Cooking Frozen Lobster Tails
How to cook frozen lobster tails and
whole live lobster and how to crack them.

For Frozen Lobster Tails
Let the frozen lobster tails thaw 
out in the refrigerator 24 hours
before cooking. Cooking unthawed
tails will result in the meat being tough.
A faster thaw can be achieved by placing 
them in a plastic bag and immersing them 
in water while in the refrigerator for a 
few hours.

Easy Way To Heat Pre-Cooked Lobster Tails;
The best cooking way is to steam cook them. 











Steaming them will curl the tails, so before steaming, you 
can run a wooden skewer through them to prevent that from happening if you want. 
Use 1 quart or 4-5 cups of water and bring water to a full boil. Place up to 4 average size tails in top steam colander and cover the pot. Lobster will turn red and the flesh becomes white. Allow  to steam 1-1/2 minutes per ounce. Once heated, take the steam colander to the sink and run cold water over them which stop the cooking process and allow you to rinse-wash the tails.

Serve each person some melted butter in a small cup plus some lemon wedges.

* Optional; After you steam cook the lobster you can brush butter on them to barbecue grill or broil them keeping in mind they will dry out quickly and the flavor will be destroyed so only barbecue or broil them for a minute or so.. seafood requires shorter cooking times than beef, lamb or chicken, and because most species of seafood have a low fat and high water content they can easily be overcooked. 

If just broiling lobster, allow 5 to 6 minutes per pound.

Another simple way to cook the lobster tail is to split the shell down the top, pull the meat most of the way out of the shell and let it lay it on top of the shell. Place it in a pan with a little water and cover the pan. Cook on a medium high heat until the meat turns white, then baste with butter and season with salt and pepper. Again, as with any food, avoid the temptation to overcook it. Long cooking toughens the lobster so cook only until the meat is thoroughly heated.

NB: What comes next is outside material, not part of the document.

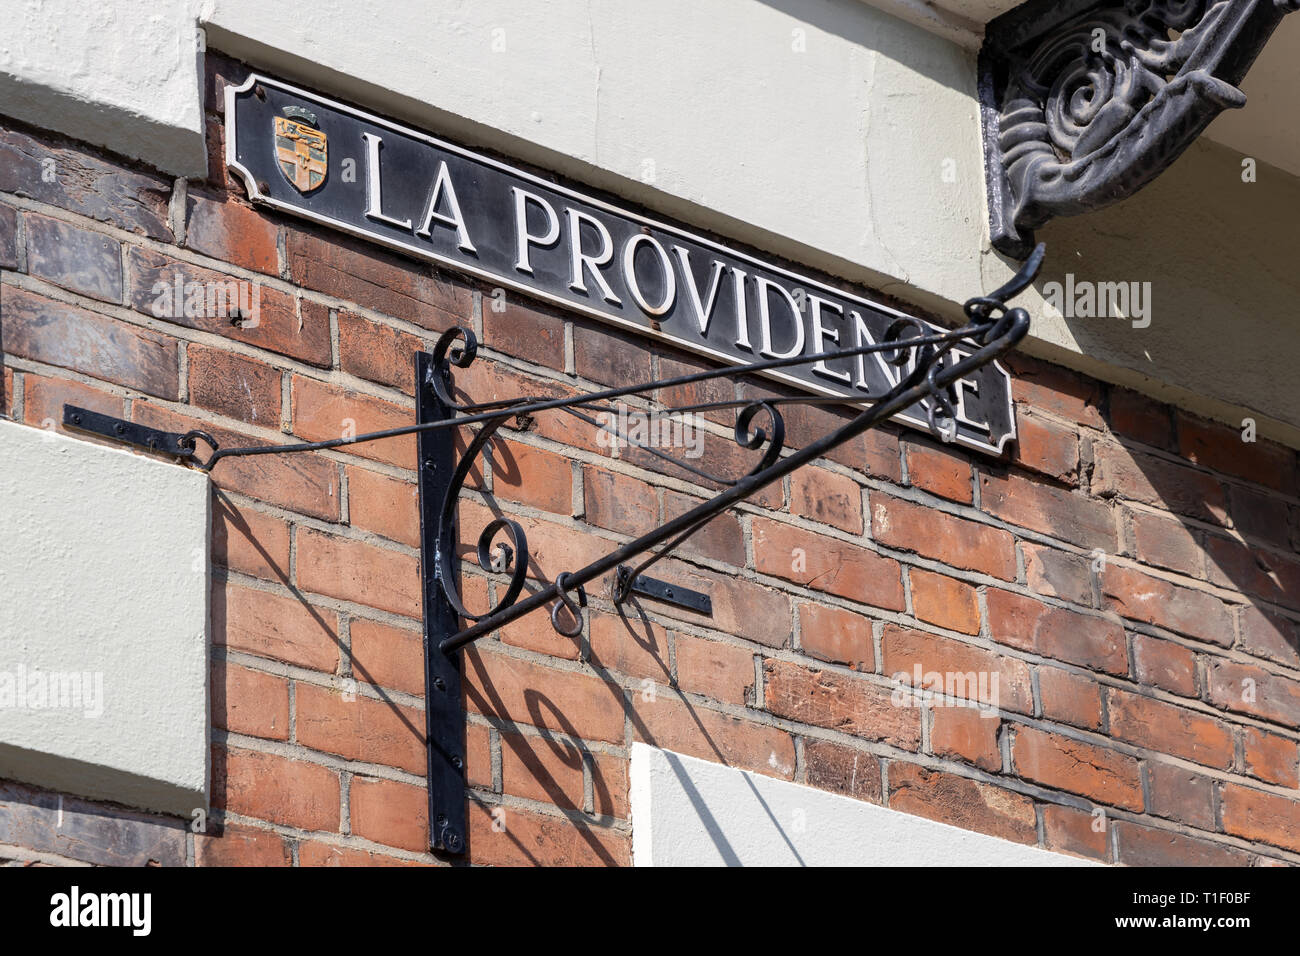 ROCHESTER, KENT/UK - MARCH 24 : La Providence street sign at the site of the old French hospital  in Rochester on March 24, 2019 Stock Photo
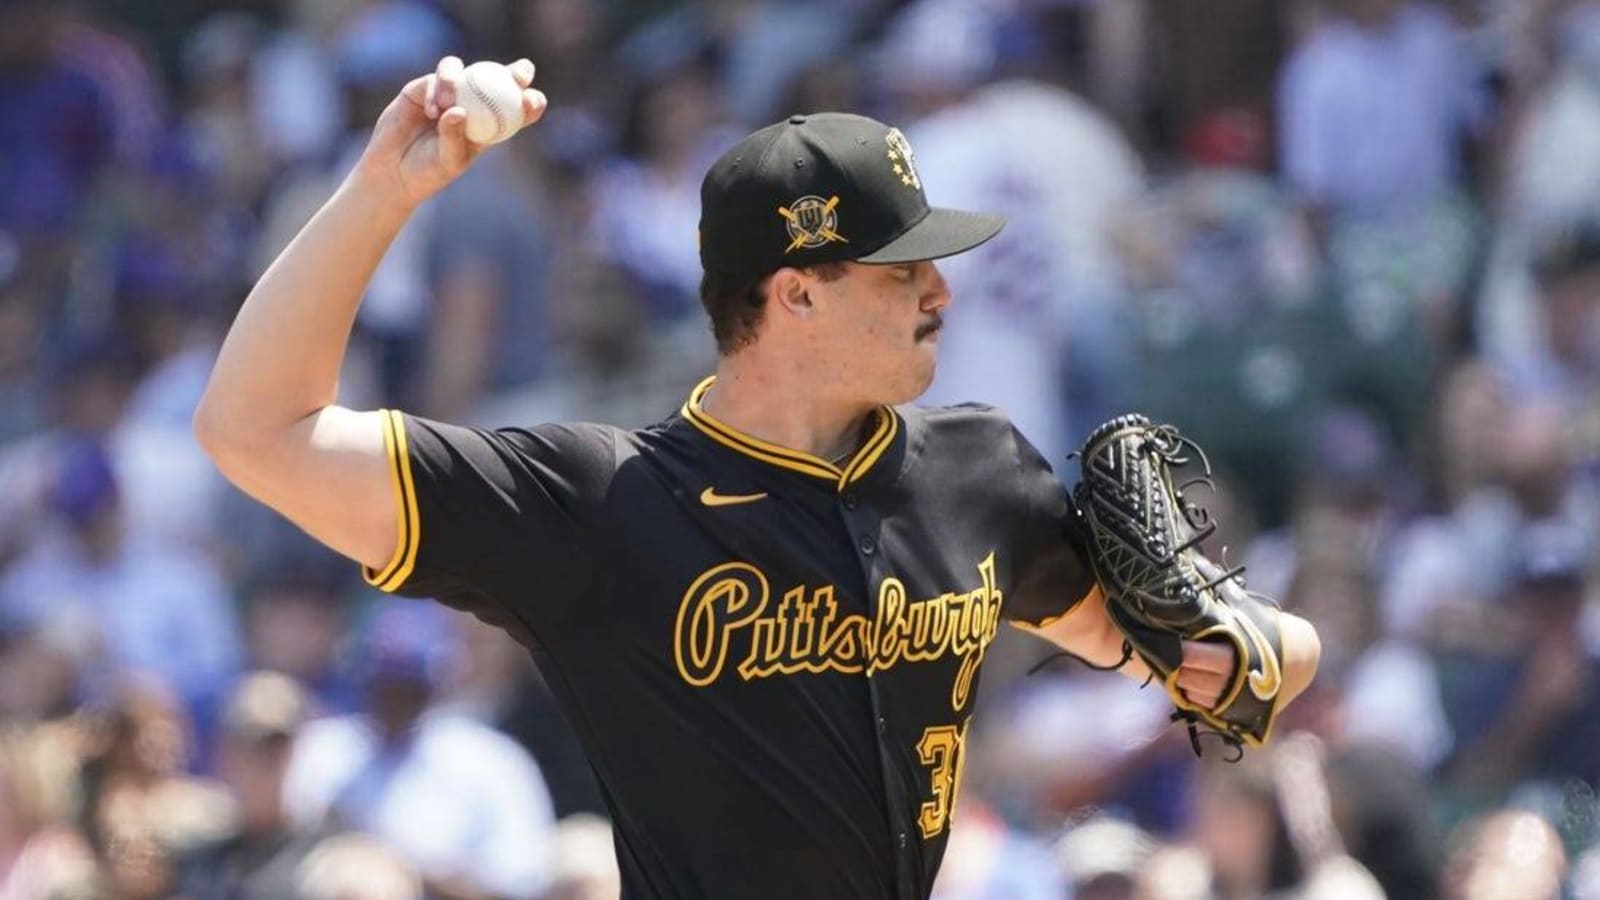 Paul Skenes fans 11 in six no-hit innings, leads Pirates past Cubs

Frozen seafood can be superior in quality to fresh seafood products. Frozen spiny or rock lobster tails have clear white meat, no odor, and should be purchased hard-frozen and kept hard-frozen until ready to thaw, cook and eat.


Cooking a  Live Whole Lobster and How to Crack it.












Live lobsters should be cooked live and placed in boiling water, head down, the same day they are purchased.

Fill a very large stockpot or lobster pot half way with water. Add a generous amount of salt. Bring water to rapid boil. Add lobsters one at a time, head first. Return water to a boil. Cover and boil for 12-14 minutes until lobsters are a bright red and the long antennae can be pulled loose with ease. Remove lobsters with tongs and place in a colander to drain.

Serve each person a cooked bright red whole lobster plus a bib, some melted butter, a wet napkin for cleaning hands and a nut cracker.

Put on the bib. The bib is because water can squirt at a least unexpected moment.

The head and intestines is not edible. Now twist off the claws, crack each claw and knuckle with a nut cracker. Remove the meat. 

Separate the tail from the body and break off the tail flippers. Extract the meat from each flipper then insert a fork and push the tail meat out in one piece. Remove and discard the black vein that runs the entire length of the tail meat. 

Separate the shell of the body from the underside by pulling them apart. 
The green substance is called the tomalley, the green tomalley is excellent, it is the liver of the lobster, do not hesitated to eat it (It is a delicacy used in sauces.)

Open the underside of the body by cracking it apart in the middle, with the small walking legs on either side. Extract the meat from the leg joints and the legs themselves by biting down on the leg and squeezing the meat out with your teeth. 

Serving the lobster plain is the simplest, some prefer it with a dip made from a mixture of salt, pepper, vinegar or lemon juice with a little of Worcestershire and olive oil or just dipped in clarified melted butter. (Ghee)

CLARIFY (Ghee) BUTTER: Better Restaurants serve Clarified Butter as a dipping for Seafood's such as heated Lobster, Crab Meat, Shrimp, etc. Clarified Butter is less apt to give your stomach a greasy after effect as melted regular butter could.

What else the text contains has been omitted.